Ir’s only for the API call, Jon.

Bob Ciotti has chimed in on 2 additional types of action for pbs_release_nodes he’d like to see:

  1. Support specifying the number of nodes that should be kept.

  2. Support specifying a select statement that is a subset of the job in its current form.

These provide a more natural expression of what to keep in the job. The select statement, in particular, will allow users to not have to play games w/ parsing PBS_NODEFILE or job attributes to know which nodes they want to keep or toss.

Interesting…so something like
pbs_release_nodes -k <‘number_of_sister_nodes’>

which requests the release of <‘number of nodes’> - 1 sister nodes. I’ll have to check to make sure <‘number_of_nodes’> is not more than the actual number of nodes assigned to the job not including the mother superior node.

I’m confused with the ‘select’ part. Can you give me an example?

Suppose I get a job by asking for:

qsub -l select=15:model=abc:mpiprocs=5+4:model=abc:bigmem=true:mpiprocs=1+30:model=def:mpiprocs=32

Then I want to release most of the nodes, but keep 2 of the non-bigmem abc nodes, and 2 of the bigmem abc nodes. It’d be much easier for the user to provide a new select statement:

pbs_release_nodes -k select=2:model=abc:mpiprocs=5+2:model=abc:bigmem=true:mpiprocs=1

than to have to determine via PBS_NODEFILE/qstat/pbsnodes which nodes have to be individually specified to pare back the job to that smaller select statement description.

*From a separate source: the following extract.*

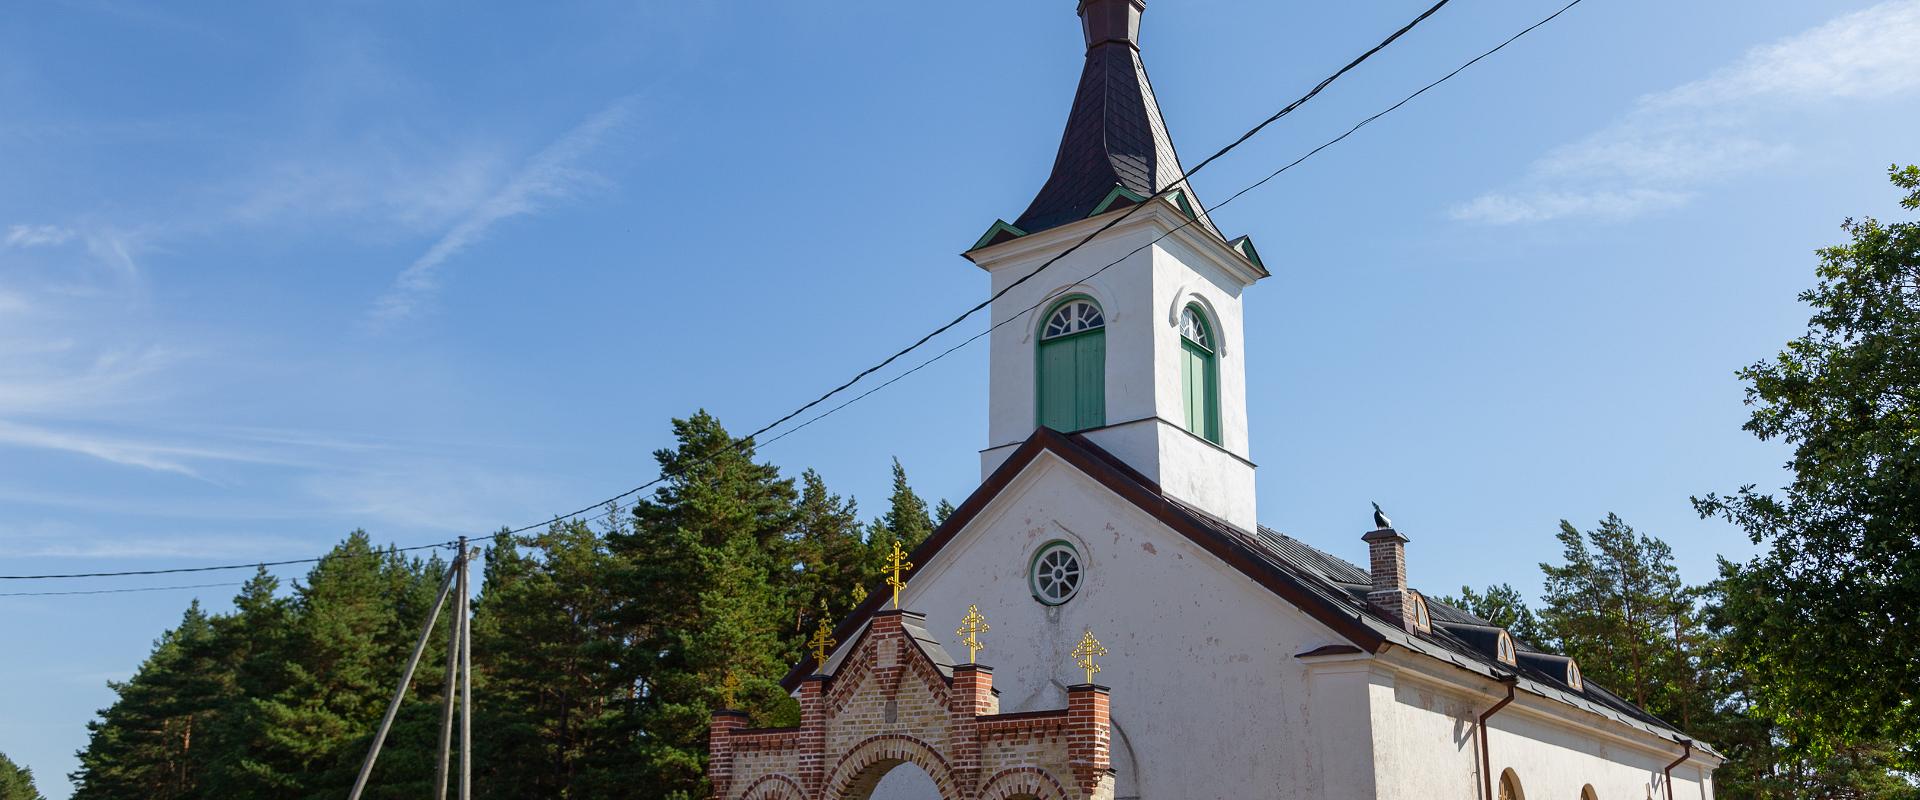 Kihnun Pyhän Nikolain kirkko

I see, now I understand. I can see how this is a good addition to release nodes feature.

Thanks Greg and Al, I have filed PP-724 and PP-725 to capture these new user stories. Do we all agree that these proposed capabilities should be looked at as possible future enhancements, rather than extending the work currently being done for PP-339 and PP-647?

It’s fine with me…

Let’s assume for now they are future enhancements, and we can clarify with Ciotti at the next Altair/NAS meeting.

I just updated the node ramp down design document. It’s now v18.You might want to go to “Page History” and compare v.15 against v.18 (current). It just contains some minor update to output of some examples, also the error message to doing pbs_release_nodes of a cpuset node or a Cray XC node is changed slightly to be more consistent with format in other commands. Finally, I’ve added a new private, experimental server attribute to allow showing in qstat -f the values of internal attributes created by PBS server in order to implement this feature. The option is just an aid in debugging PBS.

Node Ramp Down Design

Looking to the future, we are likely to want to support adding resources to a job (in addition to releasing resources). To extend PBS Pro to add resources to jobs (in the future), it would be valuable to design this feature (today) to be easily extendable (syntax and accounting) and to fit naturally with that future direction.

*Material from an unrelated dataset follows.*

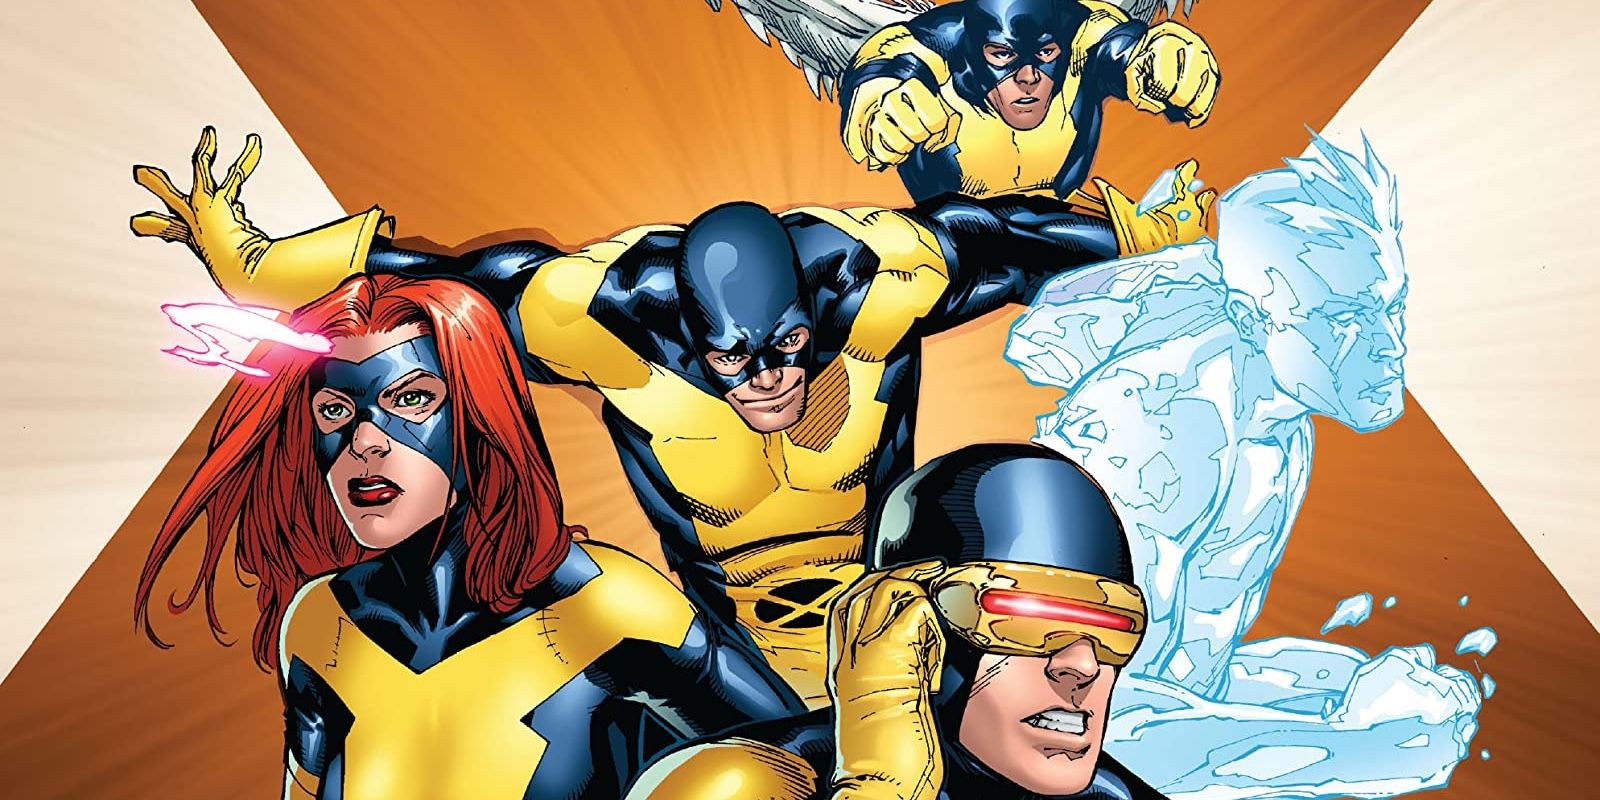 The Original X-Men Team

For the “add resources” CLI/API, the natural opposite of pbs_release_nodes would be pbs_add_nodes, but that seems very unnatural and un-PBS-y. A better choice would be to use the existing PBS resource request language (-l select=XYZ) to either:

  • add resources, e.g., pbs_add_resources -l select=XYZ …
  • or replace the job’s resources, e.g., pbs_resize_resources -l selectXYZ" …

The latter obviously could be used for either adding or releasing, and has the design advantages of:
(a) using the existing PBS syntax,
(b) having PBS handle the calculation of which chunks are on which nodes, and
© naturally supporting both node-level and job-wide resources (e.g., expensive software licenses).
(Note: “pbs_release_nodes -a” does have all the above design advantages.)

I particularly don’t like the idea of forcing the user to do work that could be automated by PBS, so (b) strikes me as particularly onerous. (Allowing node names as an option is good; having them as the only option is not so nice.)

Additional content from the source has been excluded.